But we see a text from AJ
and I'm not going to call him
asshole jerk.
I'm just going to call him
fuck face.
You know, serial killer, sex trafficker, fuck face.
So it's basically the text.
They show it twice in the episode was,
hey, do what you got to do tonight,
but don't hurt me because I really care for you.
Something along those lines.
My fuse is snaking up to the charge with this guy
because this is, it's so annoying to me these these men that demand these
open relationships and it's not all but this is the majority of the of the time it's these guys
with an upright chest and machismo explaining to women that the world does not work this way and that monogamy is unnatural
and that it only works with penguins and life isn't narrated by morgan freeman and then when
their girlfriends want to dip their toes in the open part of the relationship they turn into melodramatic
bitches which is exactly what this guy is doing it's a nexium kind of manipulation that i'm sad
that natalia fell for in any way shape or form i mean lucas cox started a food fight let's get to
uh let's get to fucking you know work here thank god jay fuck you man i hope you're listening he's
definitely not and i will say for the audience if you listen to our great interview with Natalia,
she's dumped his ass.
Yeah, yeah, yeah, yeah.
But I think she came home
and there was like some kind of blood orgy going on.

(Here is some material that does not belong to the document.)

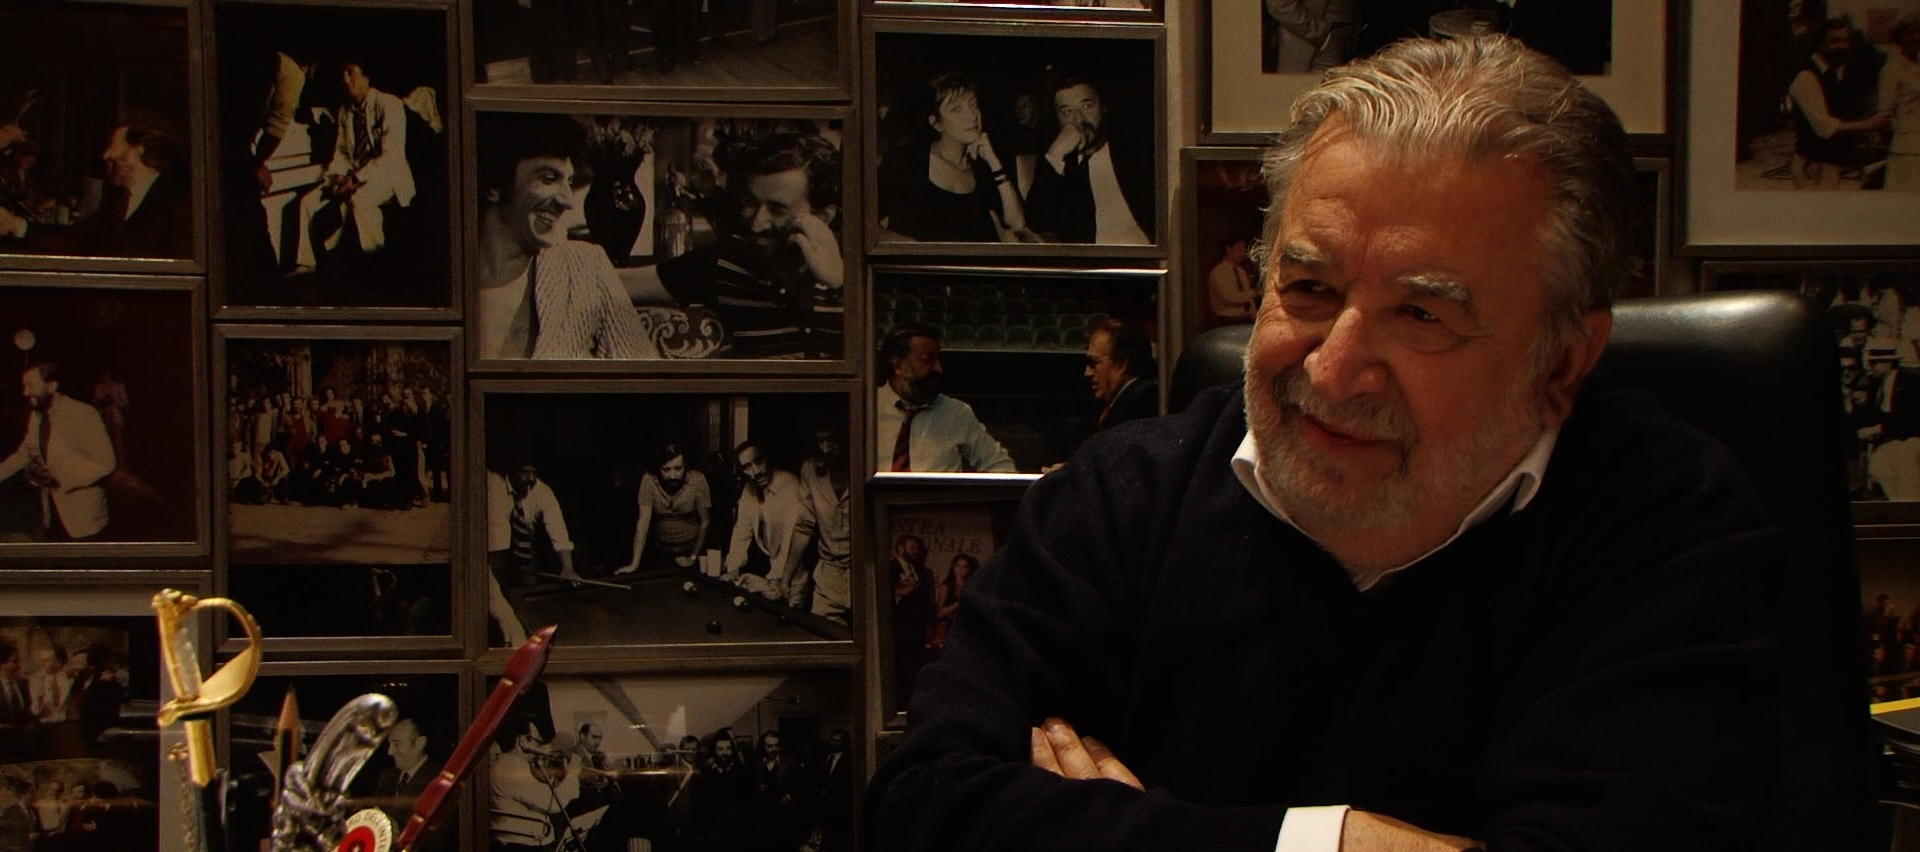 Ritratto-di-mio-padre-Pupi-Avati-intervista

She was like, this is too much.
That'd be a turnoff to anyone.
Well, except for, you know,
the people who were involved in the blood orgy.
Anyways, so we move on to Lara.
You know, she corrected somebody earlier in the season it's not laura it's laura i i don't know how to say her name it's laura it's laura lara
this is in the vans i love this laura tells nat uh she's good to go uh if it doesn't work out
with luca yeah i got a good fucking idea how about a threesome everybody wins yeah
yeah fuck you fuck you were we gonna call her
tomb raider at some point oh that's a good one were we gonna do that or did i that might have
been in your head but i like it okay so um we get to uh lucas cool tattoos uh monarch butterfly it
is a um it's it's a kind of call to his, his late grandmother. You know,
they often die, not the butterflies, the elderly. And he said that the monarch was representative of
her sexier side and yeah, just concerning. Yeah. He uses this one. And then can we, I guess,
get into the nuts and bolts
about the conversation at dinner,
which was in fact rather cordial, which was refreshing.

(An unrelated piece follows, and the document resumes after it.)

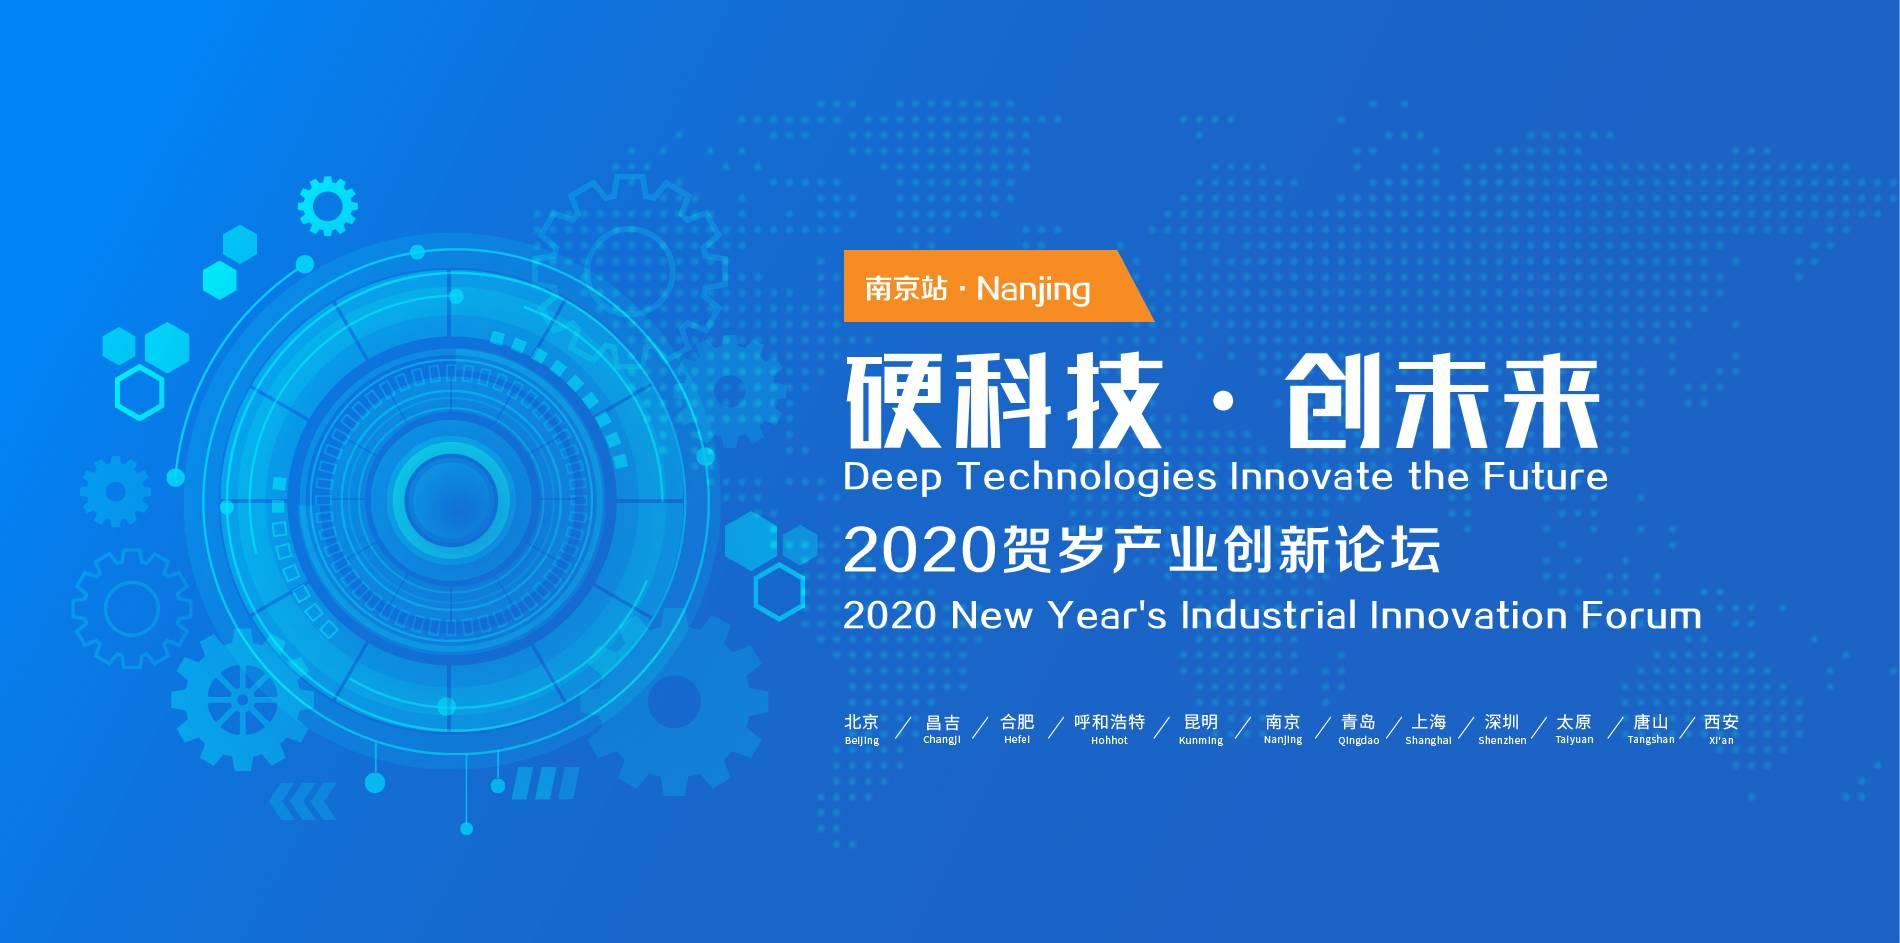 【活动】硬科技·创未来--2020贺岁产业创新论坛·南京站-亿欧

Booze, as I pointed out at the top of the episode, Dylan,
is quite the waterfall of peace pipes
and also the fuel for physical abuse and violence,
as shown and documented quite a bit in Sea Rat Histories.
Yeah, can you imagine standing under a waterfall of peace pipes i mean you'd get a fucking concussion so kyle does this thing where
they get their first round of espresso martinis of which they will have 11 and he says, cheers to Toomey for doing such a good job.
I don't know if we're putting the cart before the horse here. I think that we're expecting Kyle to do something horrific.
So maybe we're putting too much evil on him.
But this was a vicious fucking catty rat move, I think.
Well, unless we have him on at some point and he claims that they
edited out all the praise that he gave Natalia for the sake of an edit. Right. Well, Jess is
on her way to another blackout or on her way to getting blackout. When you say I'll have another
one of whatever this was and you hold the glass up, you're having a good night. Tumi and Natalia are getting along, and Kyle is traumatized by this.
And he is, he's worm tongue.
He is, he's an incarnation of human evil.
I mean, it's really, really, it's quite perilous, you know, that guy's behavior.
Are we still at the restaurant or are we at the club yet?
Well, I have the sea rats are really going for it.
So I think we're at the club.
Okay.
So when they hit that club, apparently there was ecstasy in those martini
espressos because relationships are being repaired all over the goddamn place.
Yeah.
Nat and Toomey and Kyle, they all hit the refresh button.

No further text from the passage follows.